Quelle analgésie postopératoire après une chirurgie abdominale ?

Parmi les blocs régionaux trans-musculaires utilisés pour réduire la douleur postopératoire, le plus répandu est le bloc TAP (à travers le muscle transverse de l’abdomen), mais il faut en effectuer deux pour les laparotomies importantes ; il existe aussi une technique d’infiltration chirurgicale, par cathéter dans l’espace pré-péritonéal (CPP), qui est facile d’exécution, tant pour la pose que pour le contrôle ultérieur.

Le bloc régional du carré des lombes (BRCL) dépose l’anesthésique à proximité de ce muscle afin d’anesthésier les nerfs lombaires, bloqués de T7 à L1.

Bloc régional du carré des lombes ou infiltration par cathéter dans l’espace pré-péritonéal

Des auteurs australiens ont comparé CCP et BRCL échoguidé dans l’analgésie postopératoire après chirurgie abdominale lourde. Ils ont inclus, de 2016 à 2018 tous les adultes de stade ASA (American Society of Anaesthesiologists) 1 à 3, ayant une incision xipho-pubienne, opérés à froid, en dehors de la grossesse, non handicapés mentaux ni traités au long cours par opiacés, ni allergiques à la xylocaïne. Les malades avaient eu par ailleurs une anesthésie générale avec anesthésiques halogénés, propofol et curares.

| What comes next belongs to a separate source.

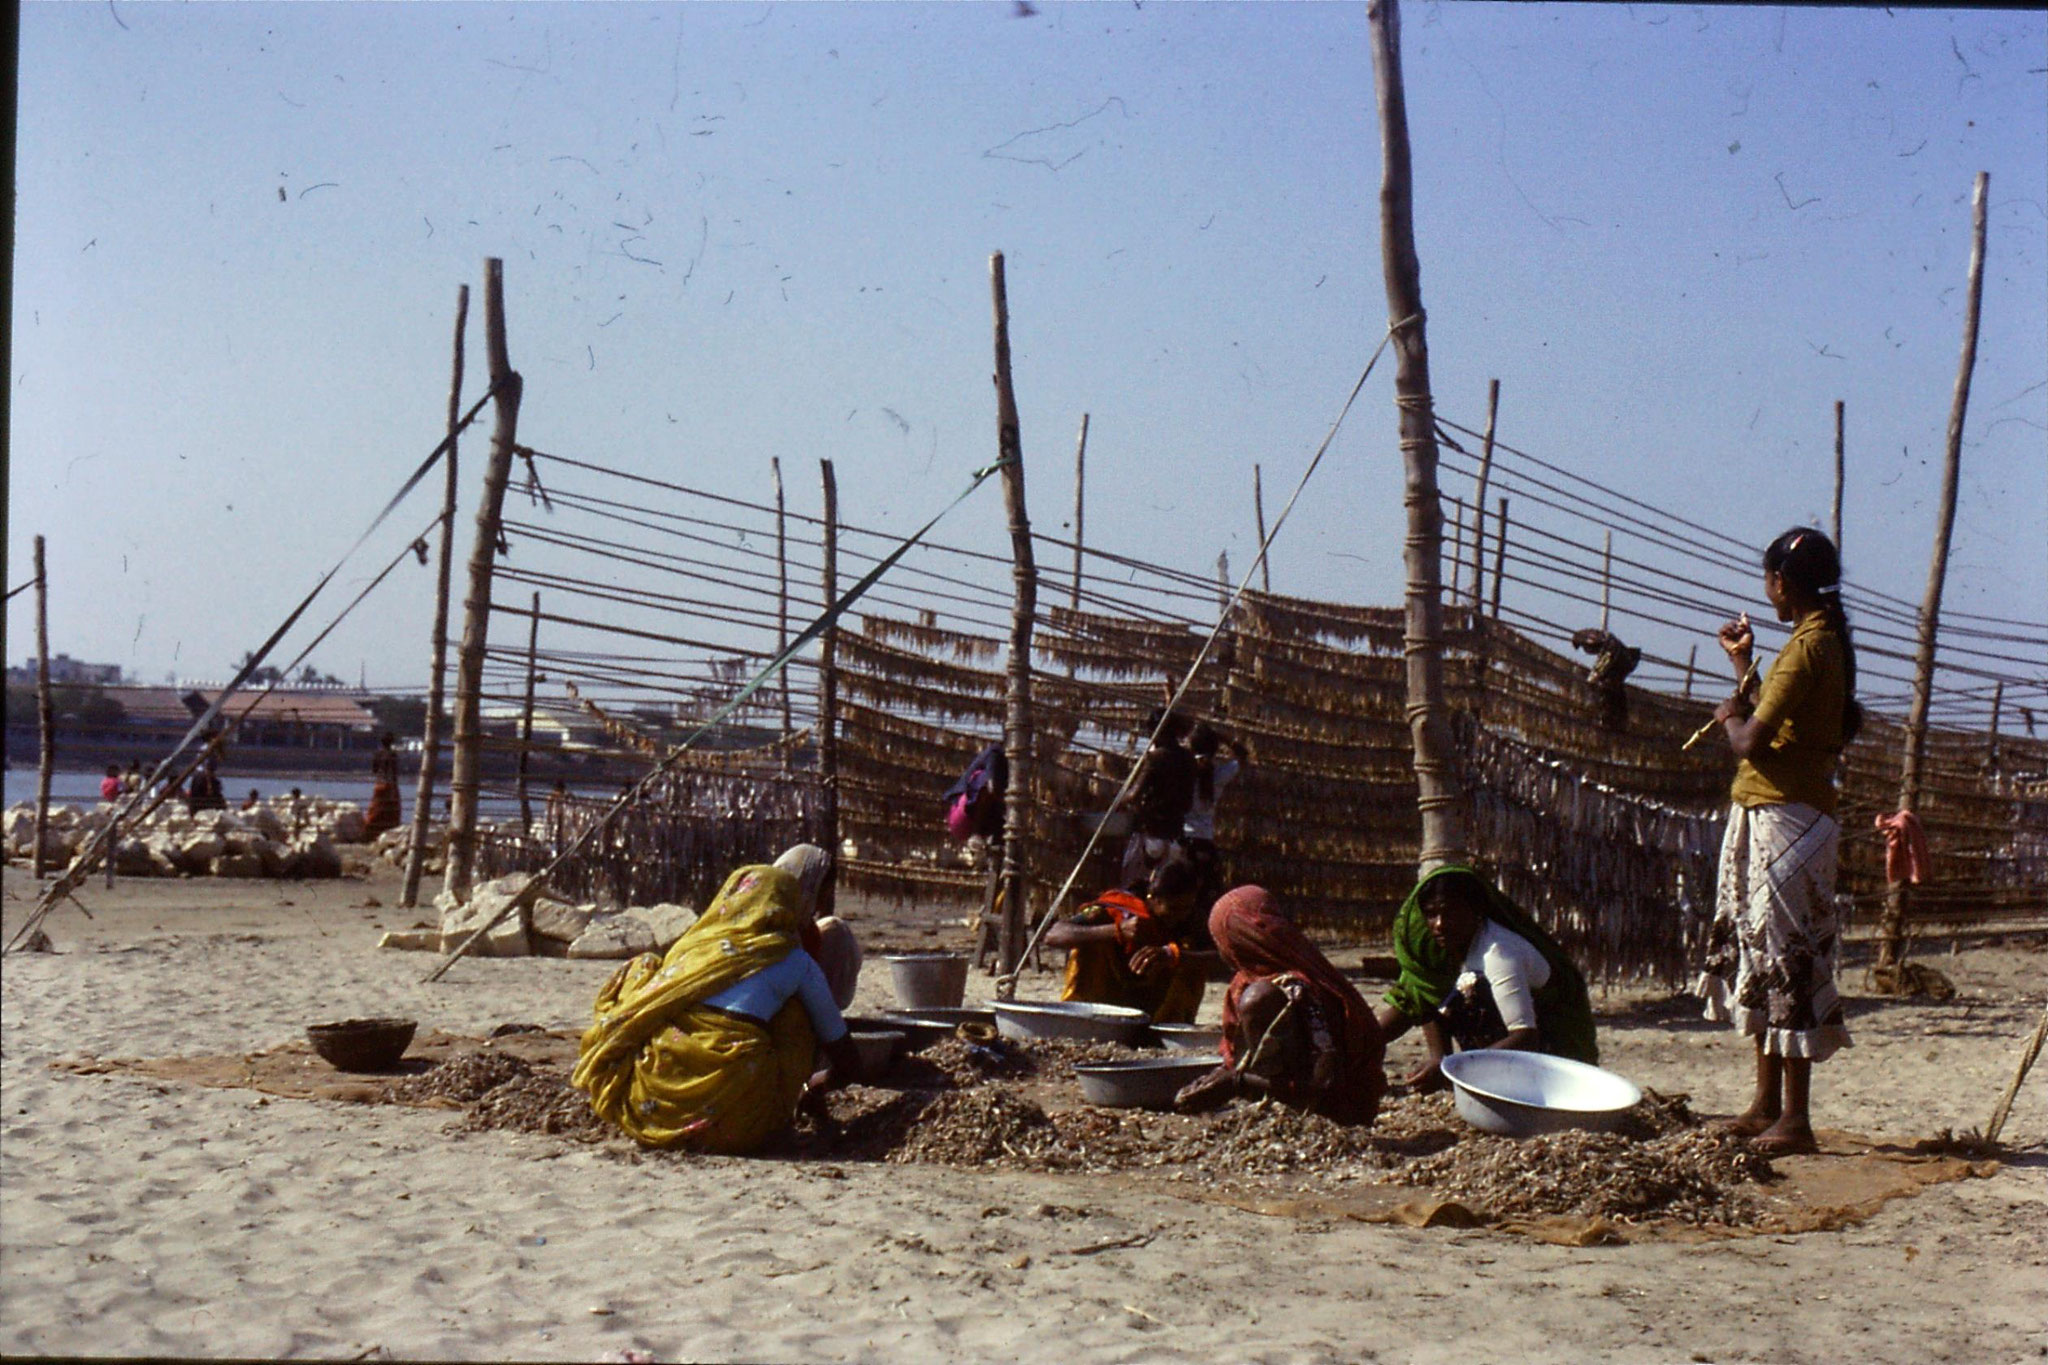 16/12/1989: 8: Diu Goghla fisherwomen

Les patients tirés au sort pour une infiltration par CPP recevaient, via un cathéter placé par le chirurgien dans l’espace pré-péritonéal au sommet de l’incision, de la ropivacaïne à 0,2 % (3 mg/kg) après infiltration des couches aponévrotiques de l’incision (20 ml dans le plan sous-cutané, 20 ml sous aponévrotique et 20 ml dans le plan pré-péritonéal). L’infusion dans cet espace était poursuivie pendant 48 h. Les patients randomisés pour un BRCL étaient placés en décubitus latéral en fin d’intervention et, sous échoguidage, on infiltrait 20 ml de ropivacaïne à 0,375 % à la face antérieure du carré des lombes laissant ici aussi en place un cathéter pour infiltration ultérieure continue durant 48 h. Un test à la glace 1 h après l’intervention permettait de définir les métamères intéressés. Tous les opérés recevaient 1x 4 g/j de paracétamol, et certains un bolus de fentanyl.

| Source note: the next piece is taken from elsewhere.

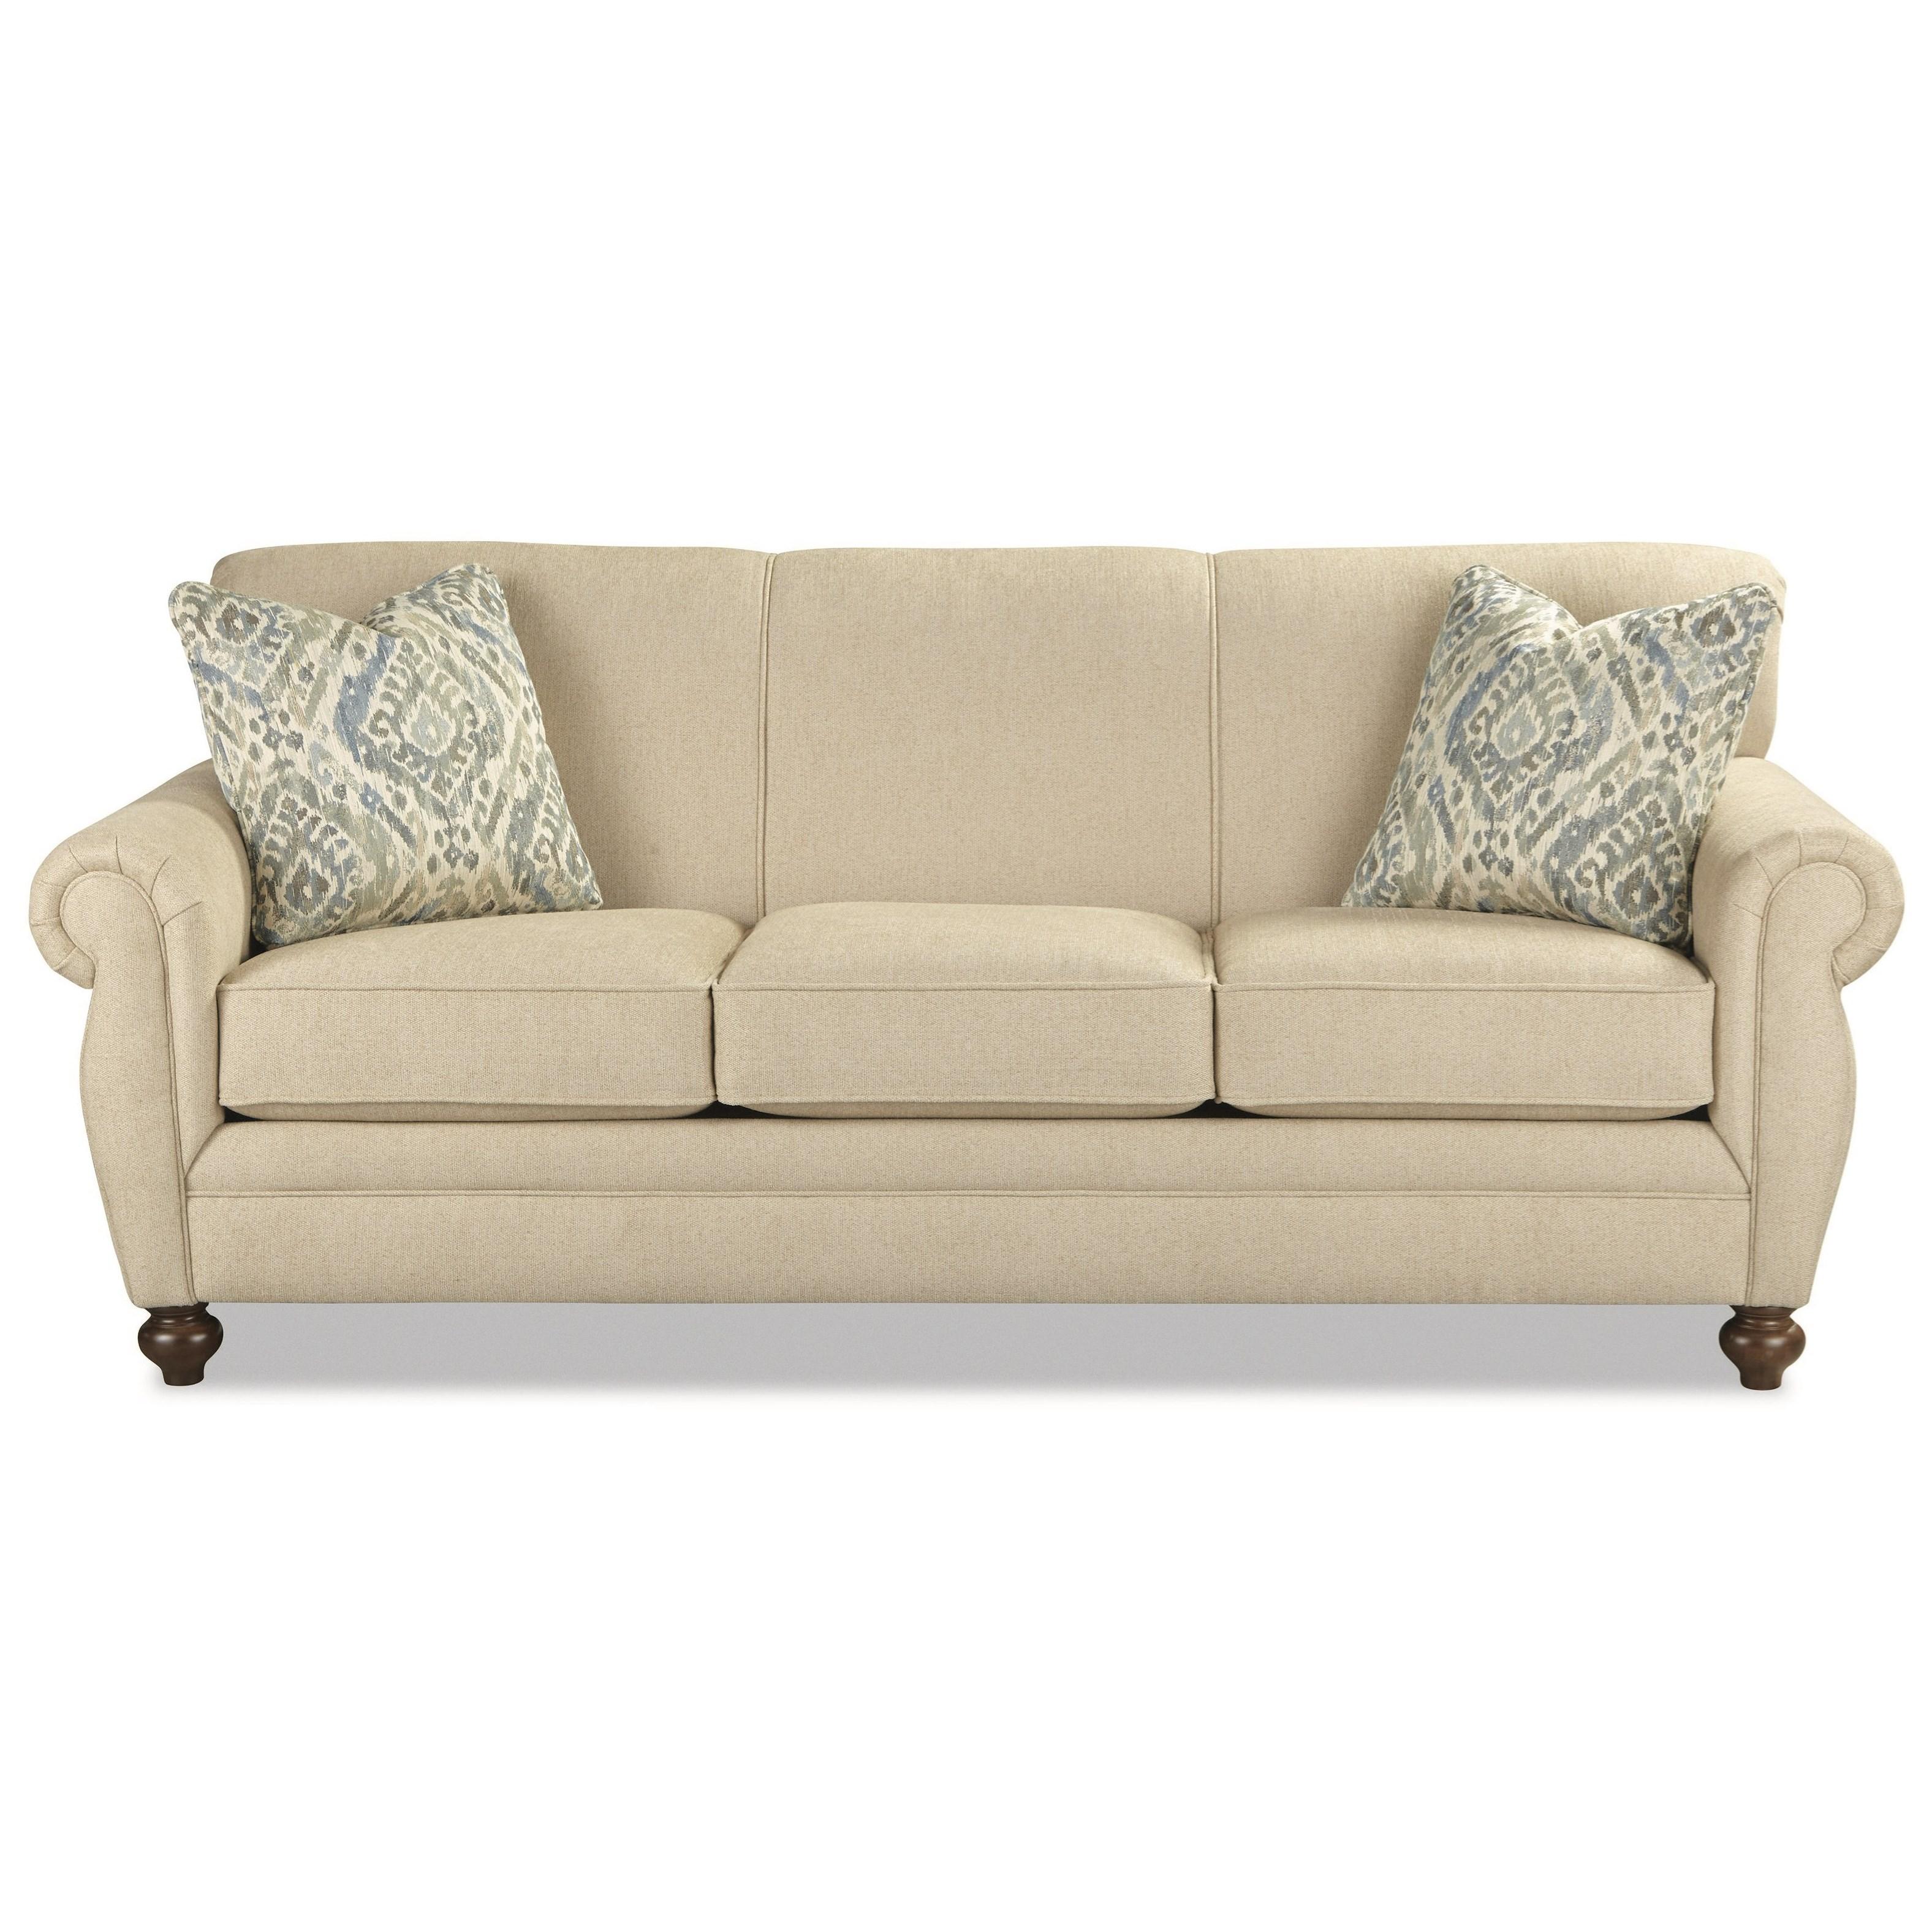 Craftmaster 7679 Sleeper Sofa w/ Memory Foam Mattress - Item Number: 767950-98-EXCEL-10

Sédation plus complète avec le bloc mais des patients moins satisfaits

Un personnel soignant indépendant a évalué les scores de douleur à J1 et J2, notamment lors de la toux, ainsi que les effets secondaires. Une échelle a défini 4 catégories : soulagement total, soulagement, amélioration relative, aucun effet. La surveillance (par téléphone) a duré un mois.

Il y avait 41 patients dans le groupe CPP et 40 dans le groupe BRCL, les 2 groupes étant comparables (âge, sex ratio, stade ASA, type d’interventions, etc.)

Les scores de douleur à la toux ont été similaires, mais la sédation au repos a été plus complète dans le groupe BRCL. Toutefois, les scores de satisfaction y ont été plus faibles à J2 et à J 30 que ceux des patients du groupe CPP, pour lesquels la prise en charge s’est révélée moins onéreuse (350 euros). Les effets secondaires, et les blocs non homogènes ont été rares (2cas). Le recours à des opiacés supplémentaires a été faible et d’importance égale dans les deux groupes.

Pour des raisons de facilité et de coût, il faut privilégier la technique du cathéter pré-péritonéal.

Dr Jean-Fred Warlin

Référence
Rao Kadam V et coll. : Comparison of ultrasound-guided transmuscular quadratus lumborum block catheter technique with surgical pre-peritoneal catheter for analgesia in abdominal surgery: a randomized controlled trial. Anaesthesia, 2019;74:1381-1388.